Peter J. Rice, Jr., Greensboro, Ga., John T. McGoldrick, Jr., Macon, Ga., for defendants.

 
ORDER

OWENS, Chief Judge.

By order dated September 16, 1986, the court, after entering judgment in favor of the defendants as to Counts One and Two of plaintiffs' complaint, delayed judgment as to whether summary judgment should also be granted as to Count Three of plaintiffs' complaint until such time as all the parties were afforded an opportunity to address the issues raised by these motions. The parties have so responded, and, therefore, defendants' motions are now ripe for decision.

 
I. Subject Matter Jurisdiction

Initially, this court must address whether subject matter jurisdiction over the state law claims of Lynda T. Hubbard (Ms. Hubbard) and Emory L. Hubbard (Mr. Hubbard), as alleged in Count Three of their complaint, was lost when this court granted summary judgment to the defendants on plaintiffs' federal claims. Diversity of the parties is not present in this case; therefore, the doctrine of pendent jurisdiction must be looked at to decide whether jurisdiction over the state law claims continues despite these dismissals.

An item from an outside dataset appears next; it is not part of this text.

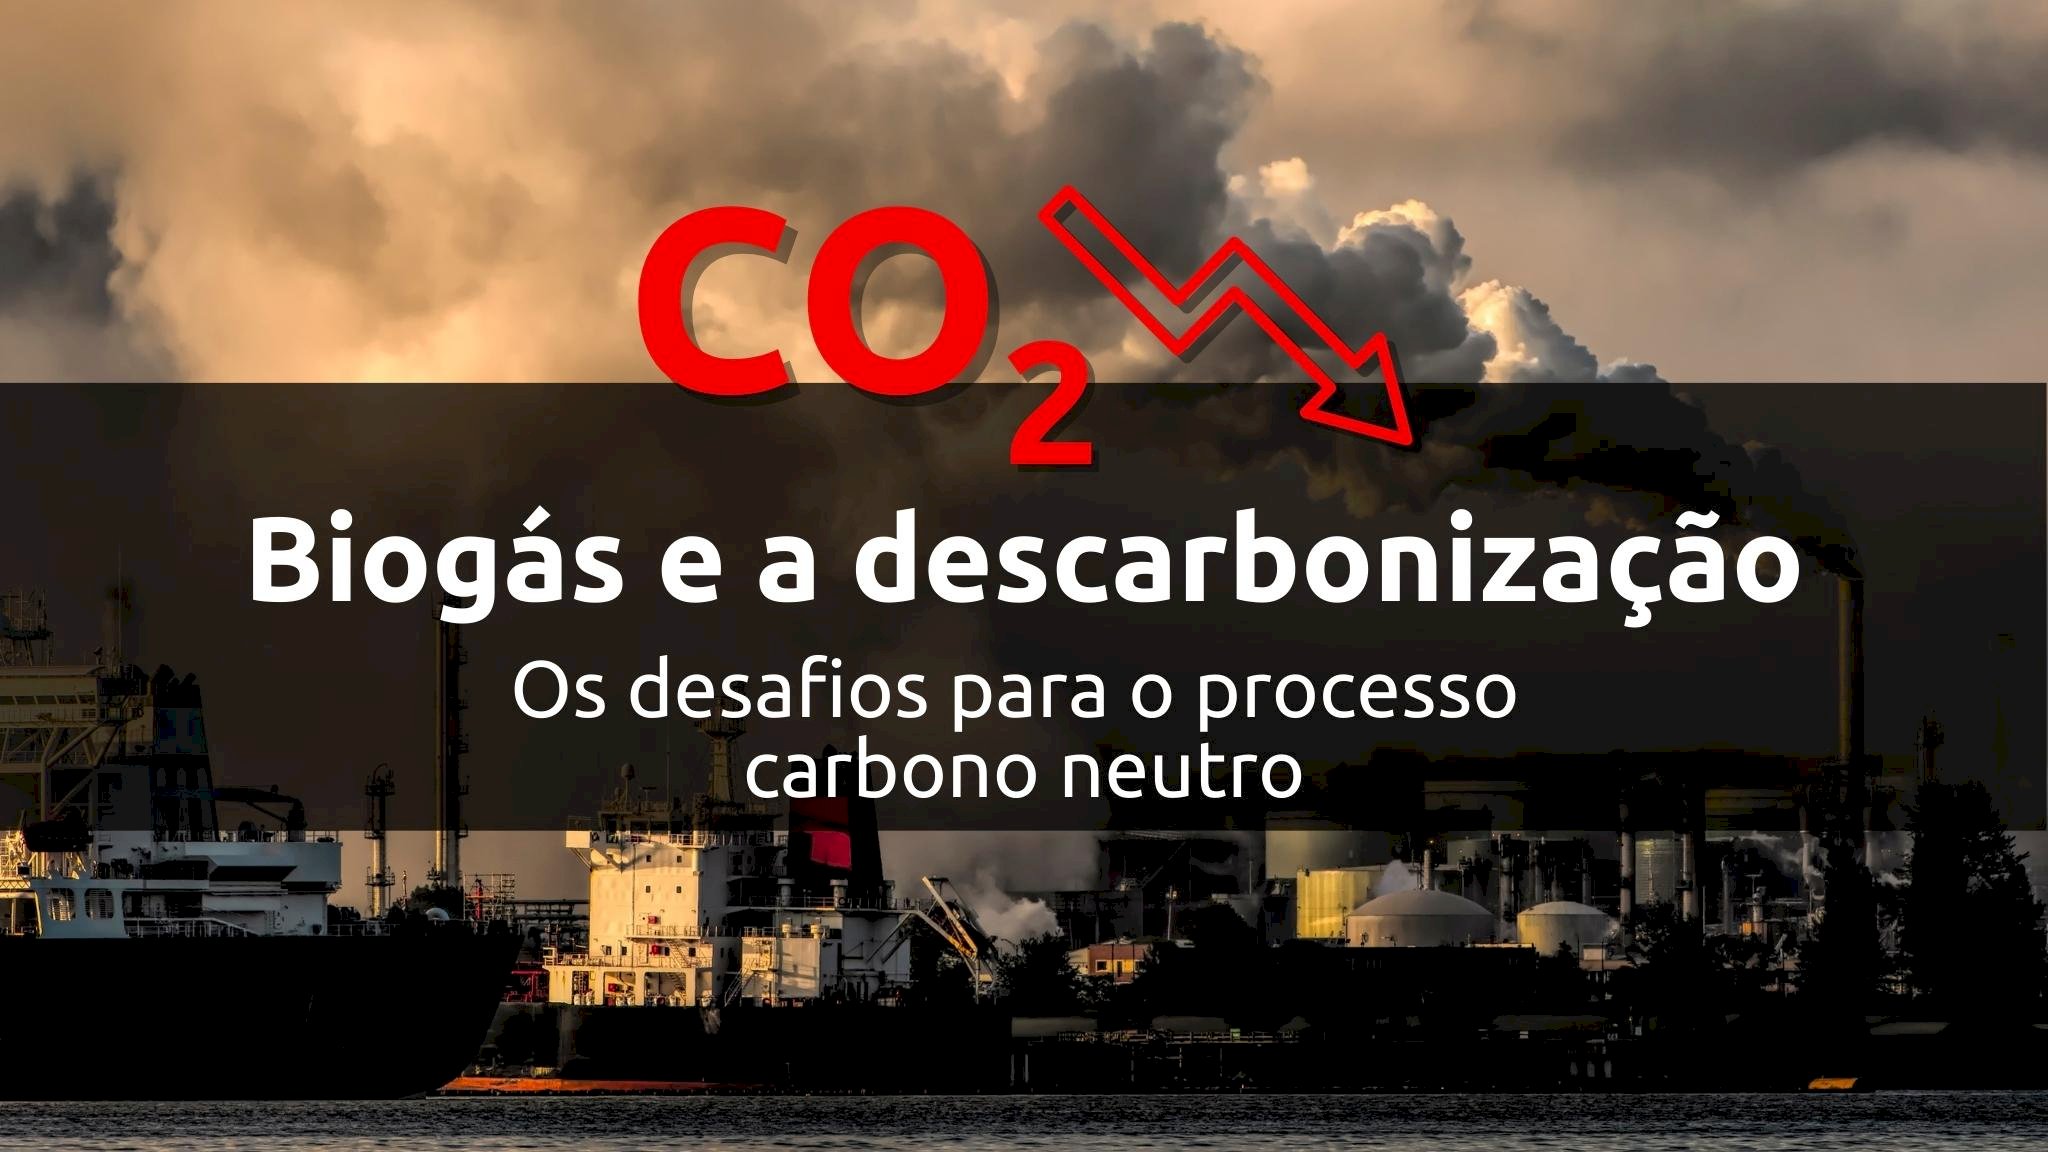 O biogás e a descarbonização

Even though the federal claims have been dismissed on the merits, it is clear that this court has the power to adjudicate the pendent state law claims subsequent to such dismissals. See Nishimatsu Construction Co., Ltd. v. Houston National Bank, 515 F.2d 1200, 1204 (5th Cir. 1975). Hearing of these claims, however, is discretionary with the court, and its decision will be reversed only upon a showing that it abused its discretion. See Prater v. United Mine Workers of America, 793 F.2d 1201 (11th Cir. 1986). The court, therefore, must look to the policy considerations underlying the doctrine of pendent jurisdiction to determine whether it should *296 exercise jurisdiction over plaintiffs' state law claims.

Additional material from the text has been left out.